Há trechos das Escrituras, toda ela, que são prova cabal de sua inspiração divina. Pedro, econômico em seus comentários, também certas horas fenomenal, acerta quando afirma:
²¹ "...homens [santos] falaram da parte de Deus, movidos pelo Espírito Santo." 2 Pe 1.
E essa economia precisa de palavra, essa precisão providencial de termos também aparece no texto que se considera um hino cristológico, provavelmente por sua típica forma, ritmo e progressão de ideias.
Paulo, aos Filipenses, inicia com o esvaziamento de Deus. Mas essa ideia, fantasticamente improvável é nítida na história da salvação.
A sobejamente conhecida e comentada kenosis divina. A questão do poder é sensível. Daí mais um contraste de identidade entre Deus e o demônio: este aspira ao poder máximo (que, blefando, oferece a Jesus na tentação).
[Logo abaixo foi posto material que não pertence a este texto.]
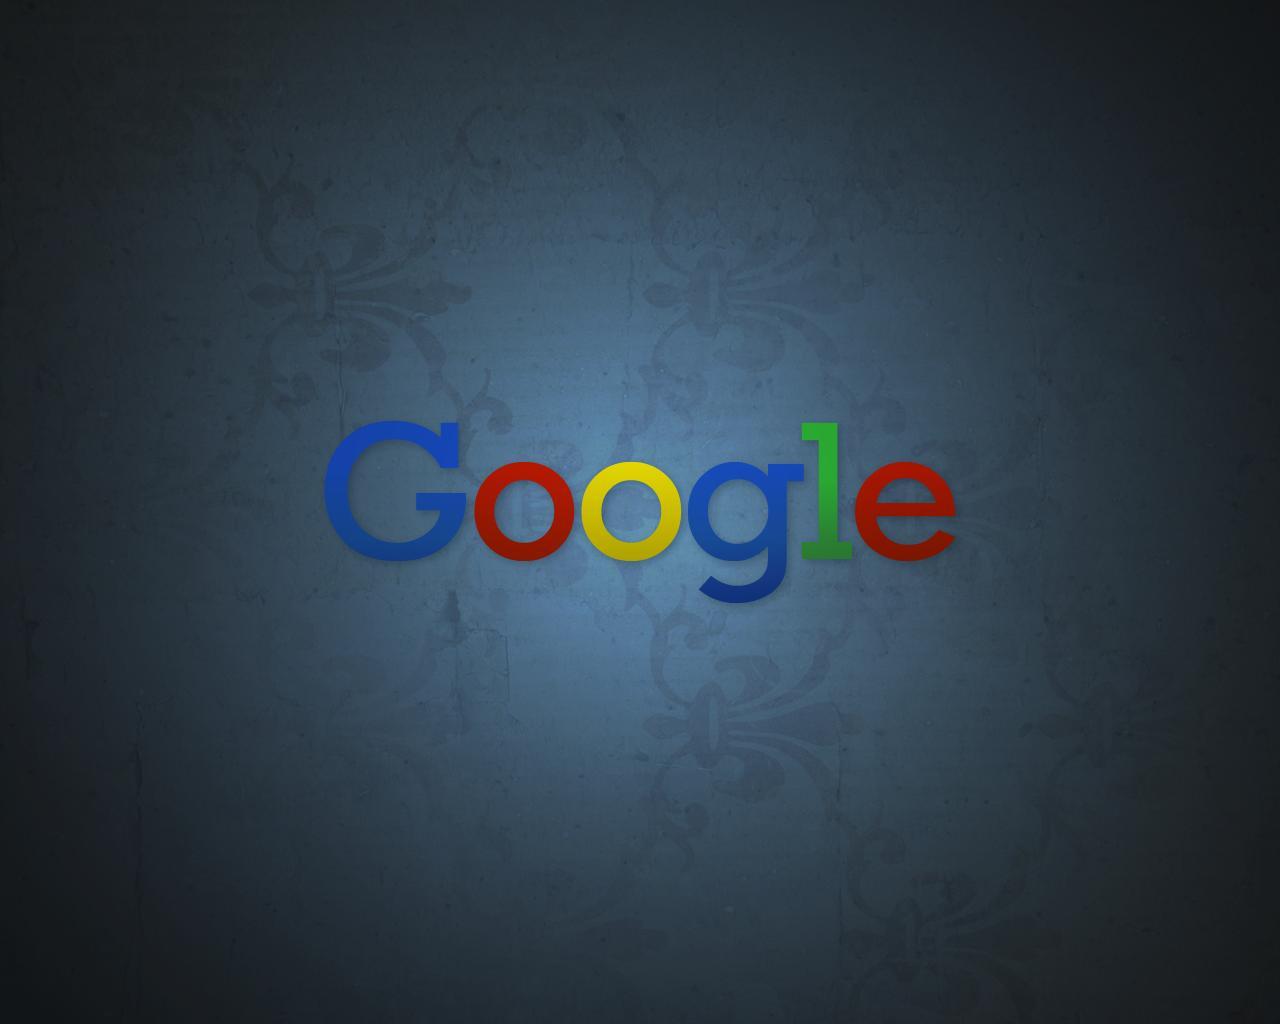 Google Desktop Wallpaper. High Definition Wallpaper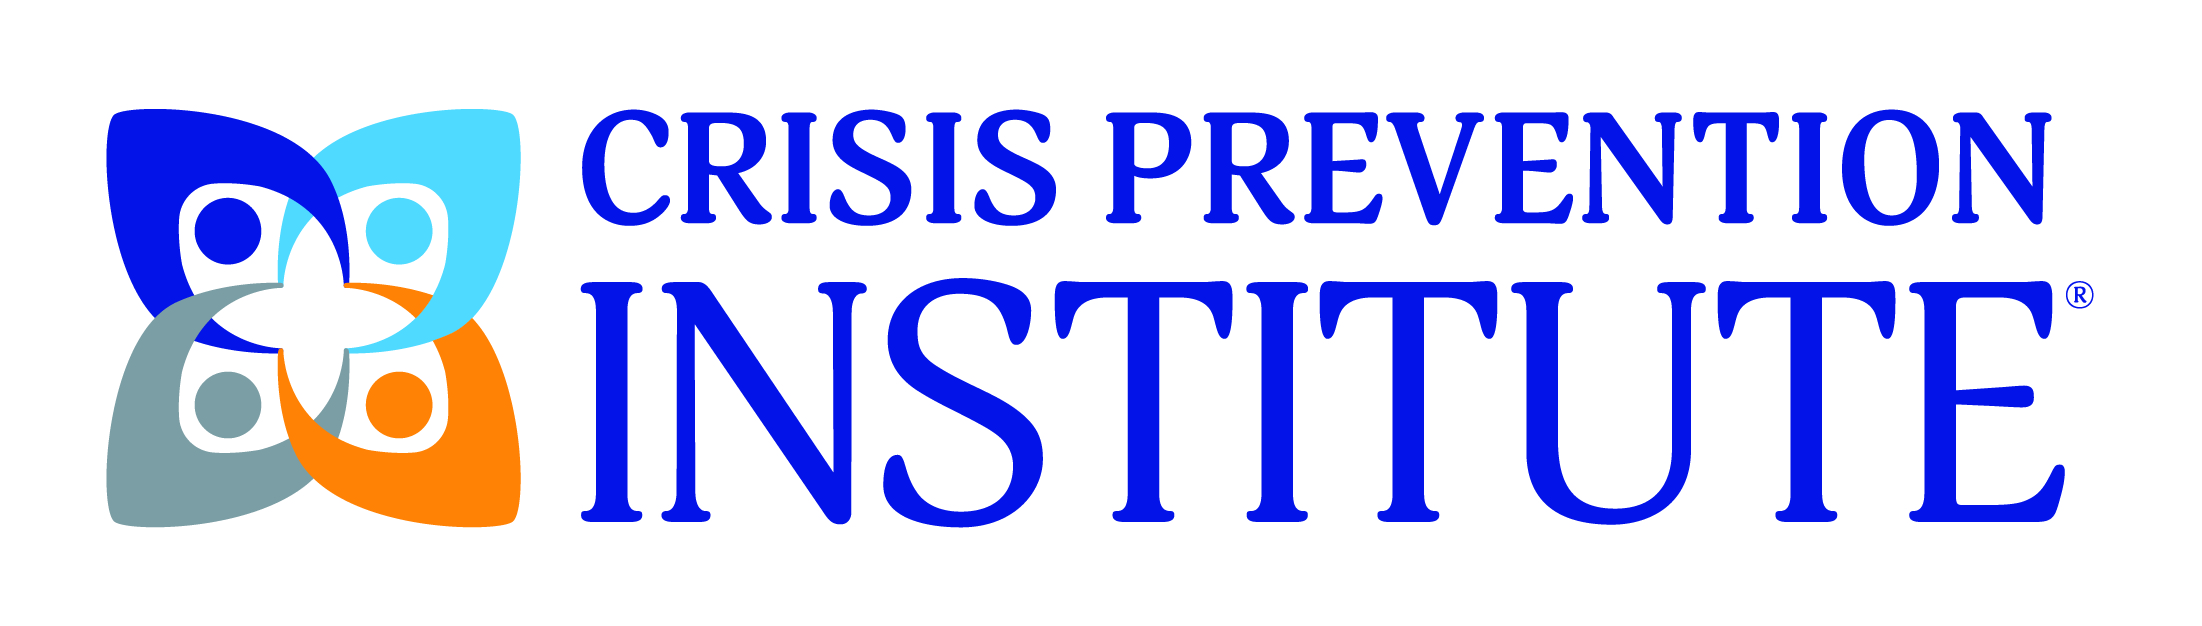 Crisis Prevention Institute - Logo

Enquanto Deus se esvazia do poder ao máximo, até à morte, e morte de cruz. Paulo palmilha cada etapa neste texto:
⁶ "...pois ele, subsistindo em forma de Deus, não julgou como usurpação o ser igual a Deus; ⁷ antes, a si mesmo se esvaziou, assumindo a forma de servo, tornando-se em semelhança de homens; e, reconhecido em figura humana, ⁸ a si mesmo se humilhou, tornando-se obediente até à morte e morte de cruz." Fp 2.
Usurpar para si o lugar que, naturalmente, a si já se pertence, é diabólico. Como define Judas, em sua pequena epístola: é perda de domicílio. Uma definição de demônios.
⁶ "...e a anjos, os que não guardaram o seu estado original, mas abandonaram o seu próprio domicílio, ele tem guardado sob trevas, em algemas eternas, para o juízo do grande Dia." Judas 1.
Ninguém usurpa para si o que se lhe é concedido ou sua própria identidade, a não ser que perverta sua própria vocação. E isso é uma definição de pecado.
Nossos pais, no Éden, chamaram para dentro de si o caos ao qual Deus havia posto ordem. Pelo retorno ao caos, herdaram desordem moral. Na morte de cruz, o próprio Deus, definitivamente, anula todo o efeito do caos.
Ele põe ordem, cria novamente em Cristo e diz haja luz, agora resplandecendo Ele próprio dentro do coração e na face de Cristo.
⁶ "Porque Deus, que disse: Das trevas resplandecerá a luz, ele mesmo resplandeceu em nosso coração, para iluminação do conhecimento da glória de Deus, na face de Cristo." 2 Co 4.
Cristo não usurpa para Si, ao contrário do anjo decaído, o lugar que, por direito e por identidade já é Seu. Mas cumpre sua trajetória, para fazer, de nossa trajetória, a dEle.
Devolve-nos identidade, anula o caos de dentro de nós pelo efeito da suma ofensa da cruz, carrega nEle o nosso pecado, para sermos portadores nEle de nossa santificação, como nos ensina esse outro verso de mais um hino primitivo:
²⁵ "...o qual foi entregue por causa das nossas transgressões e ressuscitou por causa da nossa justificação." Rm 4.
Quando Jesus deu a Maria a resposta do limite, ensinava a ela que não se usurpa o lugar que já é seu. Até mães aprendem isso: não são donas dos filhos, pastores não são donos do rebanho e maridos não são donos da esposa.
⁴ "Mas Jesus lhe disse: Mulher, que tenho eu contigo? Ainda não é chegada a minha hora." João 2.
Somente Deus se esvazia. Somente Deus consegue abrir mão do poder (que somente Ele tem). Torna-se autenticamente homem. Torna-se servo. Aprende a obedecer, pelo que sofre. E obedecer até à morte. E morte de cruz. A cruz que, definitivamente, aniquila o caos.